**Directions**
Ignoring every picture, transcribe the data in full as it stands.

**Dataset content**
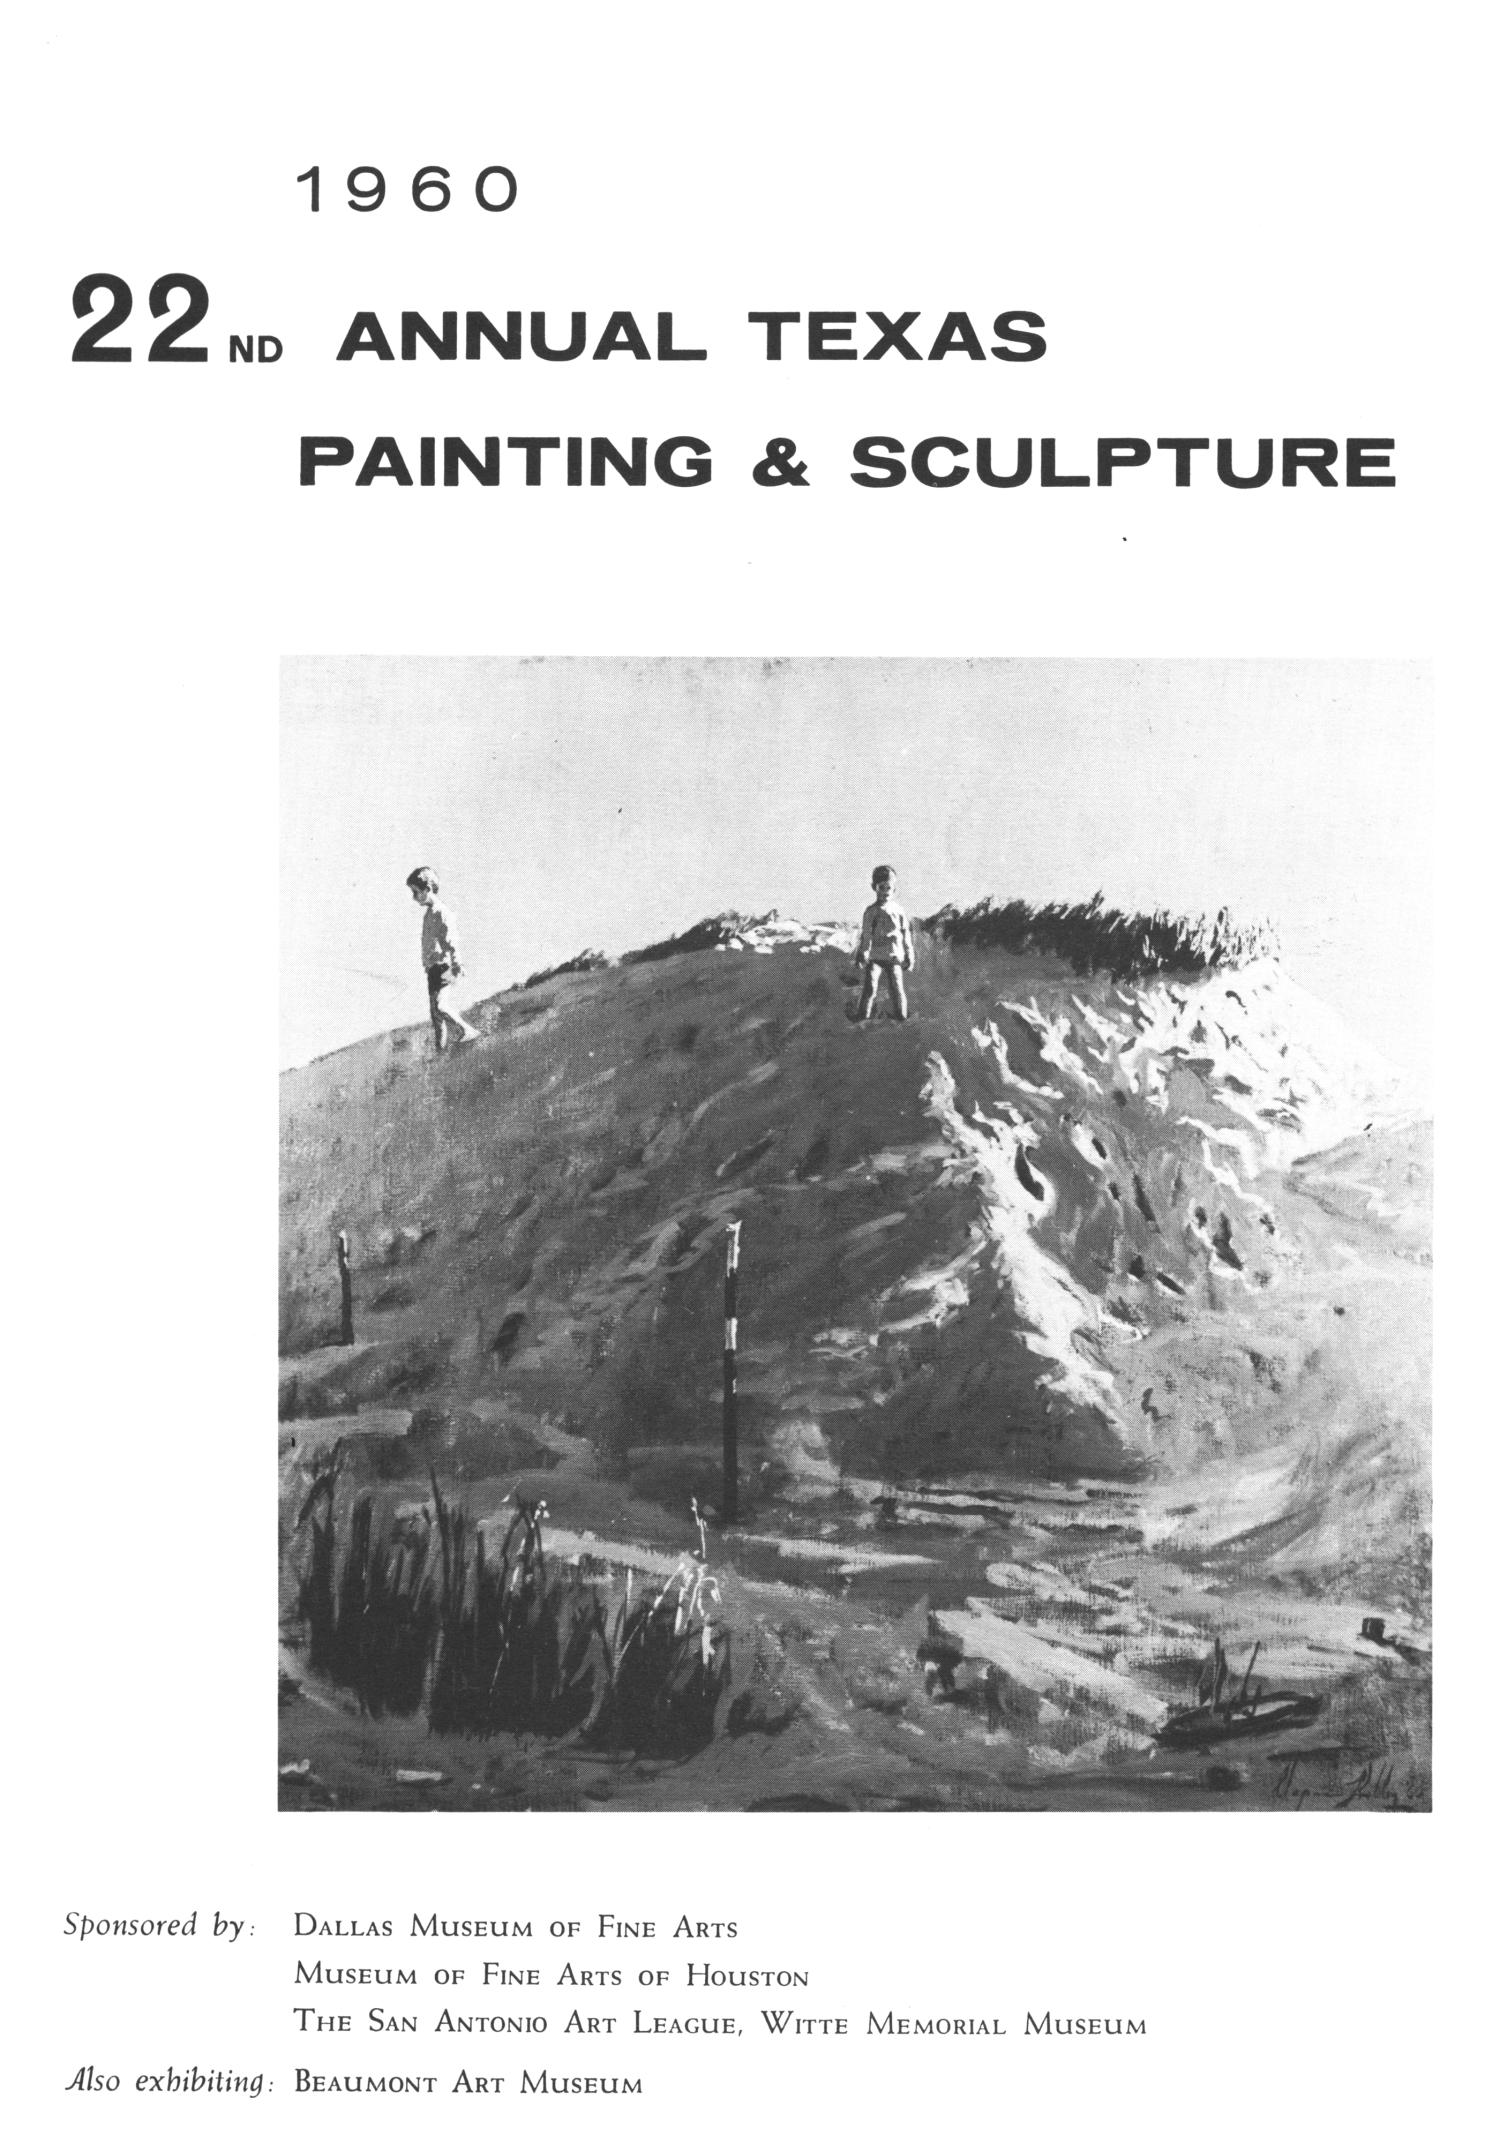 22nd Annual Texas Painting and Sculpture
                                                
                                                    Front Cover
                                                
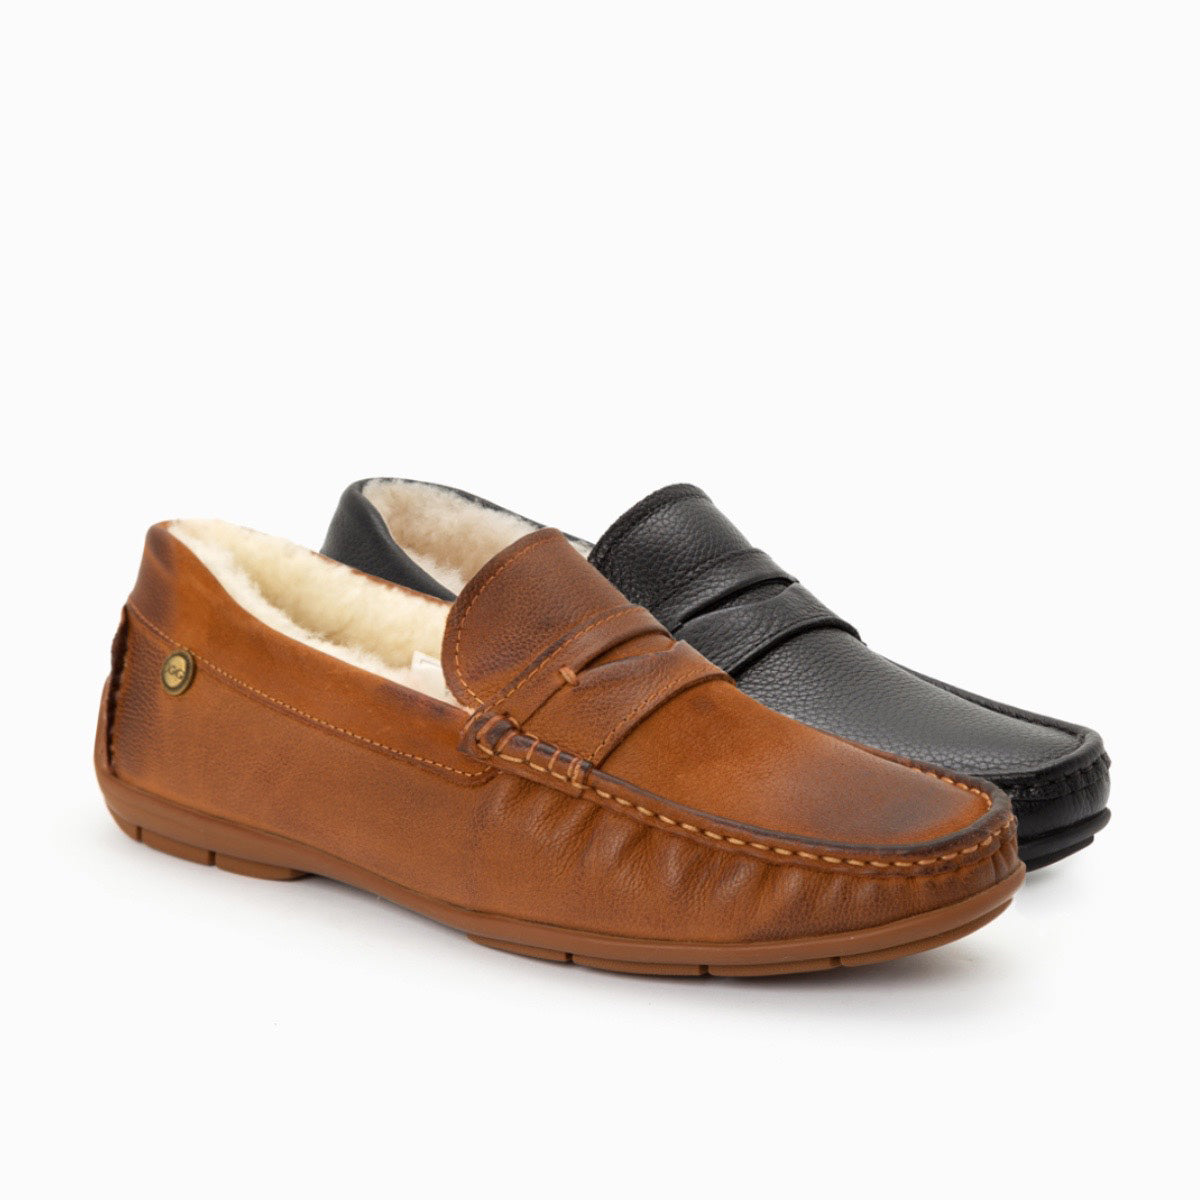 Ugg Men's Conor Loafer (Water Resistant)

**Solution to this exercise**
 22nd Annual Texas Painting and Sculpture
                                                
                                                    Front Cover
                                                
 Ugg Men's Conor Loafer (Water Resistant)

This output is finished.